CO2 reduction, TiO2, MgTiO3, ZnO, Photocatalytic Mechanism
Numerous efforts have been made to enhance the photocatalytic performance of zinc oxide (ZnO), which has been the subject of substantial research as a photocatalyst for CO2 reduction with water [1]. However, much work remains before the photocatalytic activity can be put to good use. It is well- known that cocatalysts, and silver in particular, accelerate the rate of CO production in the photocatalytic reduction of CO2 [2-4]. It has been discovered that ZnO can be made more photocatalytic when no cocatalyst is present in two ways: one is by combining two phases from the six polymorphous $K$-, $\gamma$-, $\acute{\alpha}$- and α-phases; and the further is by employing supports [5]. According to study [6], a ZnO catalyst's photocatalytic activity for CO2 reduction is greatly improved when supported by certain metal oxides. Improving the activity further requires a better understanding of the support's functions and the morphology and phases of the ZnO it supports [7, 8].
In this study, we investigated the effects of Al2O3 as a support on the photocatalytic reduction of CO2 with water, and the shape and phases of ZnO loaded to the support. We chose TiO2 as our support because there are many distinct kinds of TiO2 catalysts available, each with its own unique crystalline phase and specific surface area (SSA), and Al2O3 doesn't exhibit much photocatalytic activity when it comes to reducing CO2 with water. The crystalline phase (cubic) of Al2O4 is identical to the γ- and ε-phase of ZnO, and it similarly does not exhibit activity, hence it is also selected as a support.
For the photocatalytic CO2 reduction with water, four distinct Al2O3 and two distinct MgTiO3 types were chosen as the supports, and ZnO was loaded onto them by impregnating them with ZnO and then calcination. Due to the fact that the loaded ZnO exhibited unique morphology and crystalline phases, investigate the impact of the support, morphological analysis, and crystallinity phases on the CO2 reduction catalytical activity and propose a novel technique for CO production.
2.1 Synthesis of photocatalytic specimen
A support was impregnated with ZnO and calcined to produce photocatalyst samples. After adding 200 mL of purified water, a specific amount of Zn(NO)3·nH2O (with a purity of 99.9%), and 0.5 g of support, the mixture was agitated using a magnetic stirrer at approximately 343 K. After drying, it was calcinated in air at 873 K for 4 hours. Four distinct Al2O3and two distinct MgTiO3 kinds were chosen for the support. The compounds included γ-TiO2 (SSA-195), θ-TiO2 (SSA-107), α-TiO2 (SSA1.8), MgTiO3 (SSA-119), and MgTiO3 (SSA-2.6), among others.
Five, ten, twenty, and forty moles of ZnO were loaded. Equally prepared without the support was the sample of 100% ZnO. The samples were then sent to a ZnO/support (either α-, γ-, or θ-TiO2, or MgTiO3).
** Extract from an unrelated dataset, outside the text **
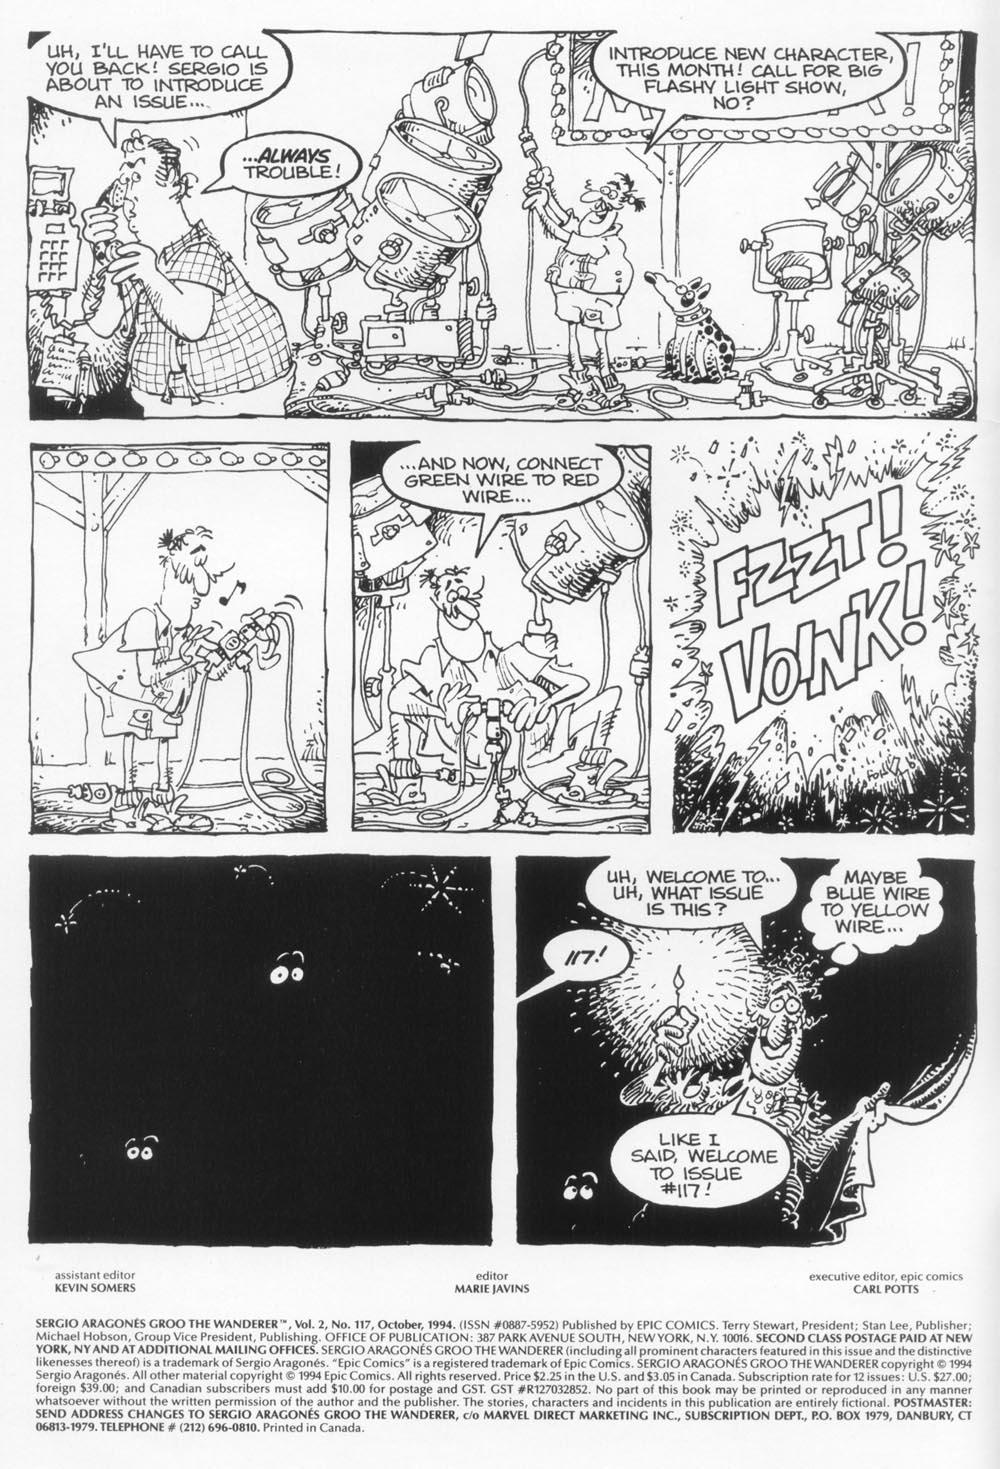 Read online Sergio Aragonés Groo the Wanderer comic -  Issue #117 - 2

The prepared samples' TiO2 and MgTiO3 supports' crystal structures are summarized in Table 1. The structural characteristics of the TiO2 and MgTiO3 supports and SSAs in the generated samples, along with the XRD- determined crystalline phases of the loaded ZnO, SSAs, and the loaded ZnO itself, are summarized in Table 1.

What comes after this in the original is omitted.